Crypto delegated to PyJWT[crypto] (already a declared dep) — no hand-rolled
JWT, no new dependency. No key configured → refuse (never unsigned-decode a
security boundary).
- get_fire_verifier(): pluggable indirection so the DQ-4 escape hatch
(direct per-job cron-key) can swap in with no handler change.
E.2 — gateway/platforms/api_server.py:
- POST /api/cron/fire (registered only when _CRON_AVAILABLE). Authenticated by
the NAS-JWT via get_fire_verifier() — NOT API_SERVER_KEY (NAS holds no API
key; this is the only inbound that triggers remote job execution, so it gets
its own purpose-scoped check). Verifier args come from cron.chronos.* config.
401 on bad/missing/forged token. 400 on missing job_id. On success: 202 +
fire_due runs in the background (so a long agent turn never trips NAS's HTTP
timeout); the store CAS claim inside fire_due de-dupes a scheduler retry.
Tests:
- test_chronos_verify (11): REAL RS256 signing — valid→claims, wrong-aud,
missing/wrong purpose, expired, wrong-iss, tampered-signature (attacker key),
no-key-refuse, empty-token, JWKS-URL key resolution, get_fire_verifier.
- test_cron_fire_webhook (5): valid→202+fire, invalid→401+no-fire, missing
token→401, missing job_id→400, and fire path does NOT require API_SERVER_KEY.
api_server regression suites (214) green.

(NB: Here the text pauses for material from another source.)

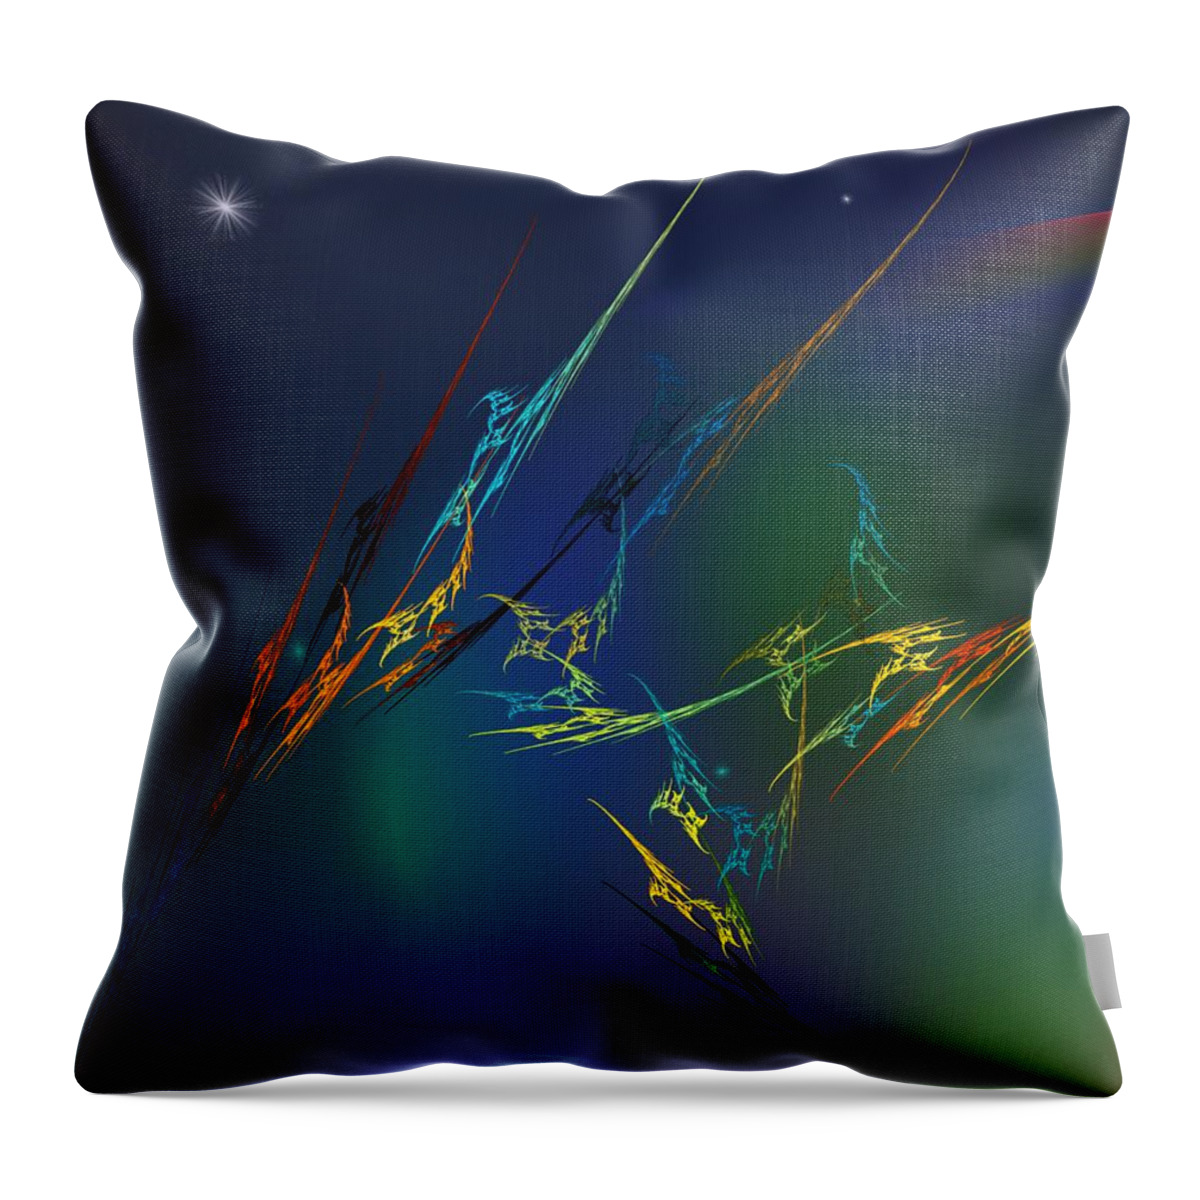 Fine Art Throw Pillow featuring the digital art Ode to Joy by David Lane

E.3 (NAS endpoints) is a separate cross-repo PR; the wire contract lands next
(docs/chronos-managed-cron-contract.md).
Phase 4D. The first non-default CronScheduler: plugins/cron/chronos/. Inert
unless cron.provider=chronos; resolve_cron_scheduler falls back to the built-in
if unavailable, so cron never loses its trigger.
Files:
- chronos/__init__.py — ChronosCronScheduler + register(ctx).
* is_available(): config-only, NO network (portal_url + callback_url + a
stored Nous access token via get_provider_auth_state). Returns False →
resolver falls back to built-in.
* start(): reconcile() then RETURN — no blocking loop, no 60s wake (DQ-1:
this is what makes scale-to-zero real; the machine wakes only on a
NAS→agent fire).
* _arm_one_shot(job): POST NAS provision {job_id, fire_at, agent_callback_url,
dedup_key=job_id:fire_at}. Agent owns the time → sub-minute fires survive
(no scheduler 1-minute floor).
* reconcile(): converge NAS arms toward jobs.json — arm missing/changed-time,
cancel orphaned, skip paused. Cold process rebuilds from jobs.json +
idempotent dedup_key.
* on_jobs_changed(): reconcile (re-arm/cancel the affected one-shot).
* fire_due(): ABC default (CAS claim + run_one_job) THEN re-arm the next
one-shot. Job gone (one-shot done / repeat-N exhausted) → no re-arm.
- chronos/_nas_client.py — thin HTTP wrapper for provision/cancel/list using
the agent's existing refresh-aware Nous token (resolve_nous_access_token).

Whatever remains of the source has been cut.